Читаем Сито жизни полностью

— Говорит, скоро избавишься от меня.

— Перестань!..

— Я-то могу перестать — перестанет ли смерть?..

— Бурмаш, не говори так… — На глазах Серкебая слезы.

— Зачем ты приехал?

— Хочу увезти тебя.

— Разве ты ангел, вынимающий души? Теперь меня никто, кроме смерти, не сможет забрать отсюда.

— Ладно, говори что хочешь… Все равно увезу…

— Разве есть у тебя сердце, а? Жестокий ты, Серкебай.

— Теперь я свободен — стану мягкосердечным. Растоплю свое сердце.

— Знаешь ли, что и у меня были родные места?..

— Знаю. У меня тоже…

— Истосковалась я… Печаль одолевает меня, как подумаю о Сон-Куле. Если умру, ты останешься в долгу… Никогда не прощу, Серкебай.

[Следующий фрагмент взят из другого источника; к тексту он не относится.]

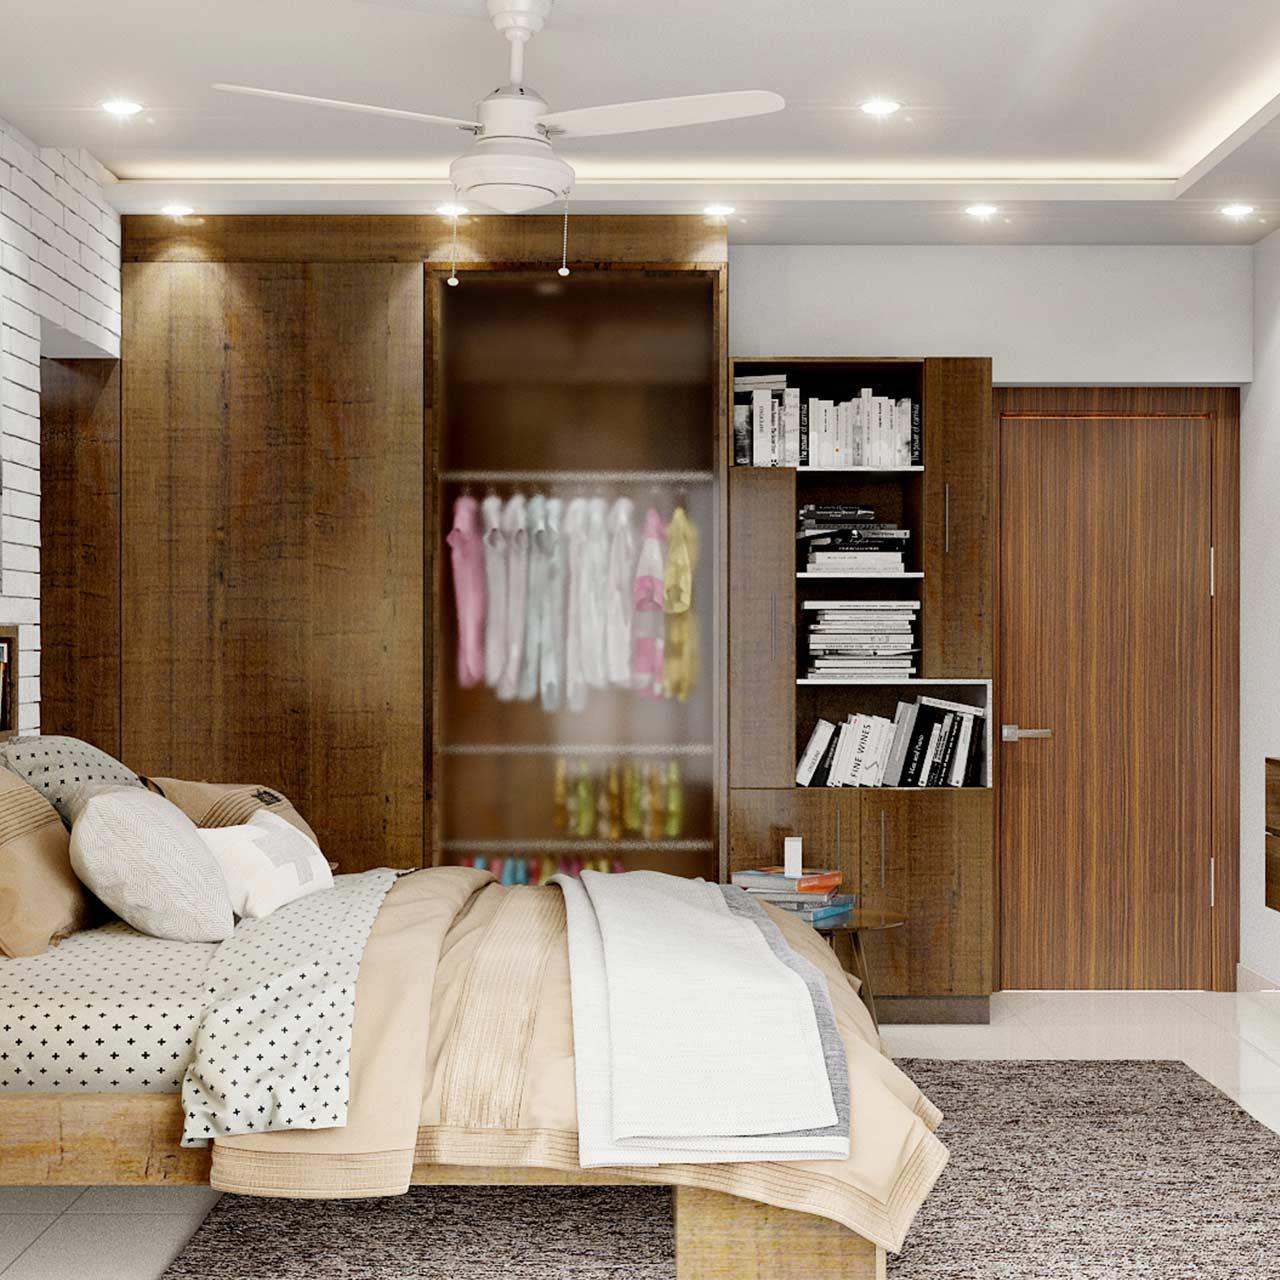 Bedroom designed with bookshelf and wardrobe with transparent glass door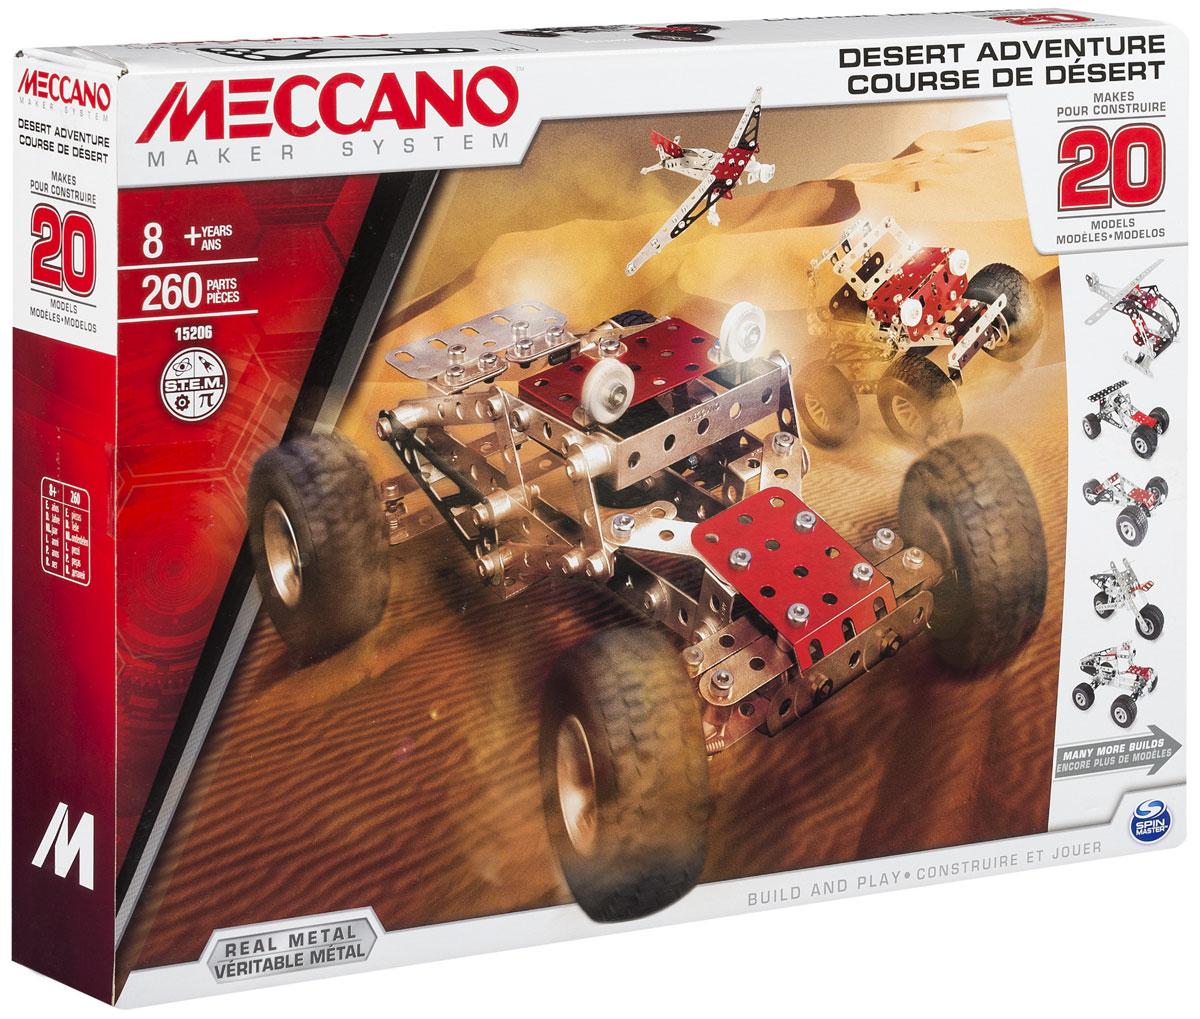 Meccano Конструктор Приключение в пустыне 20 в 1  игрушка meccano набор приключения в пустыне 20 моделей meccano

— Разве ты одна — я ведь тоже истосковался. Хочу все увидеть снова… Хочу обойти те скалы, где осталась кожа с моих подошв… Хочу отпробовать воды из светлого родника. Поправляйся скорее! Поедем…

— Захвати с собой Аруке.

— Не говори о ней, Бурмакан. Не говори недостойных слов.

— Раз я сама недостойная, почему мне не говорить недостойные слова…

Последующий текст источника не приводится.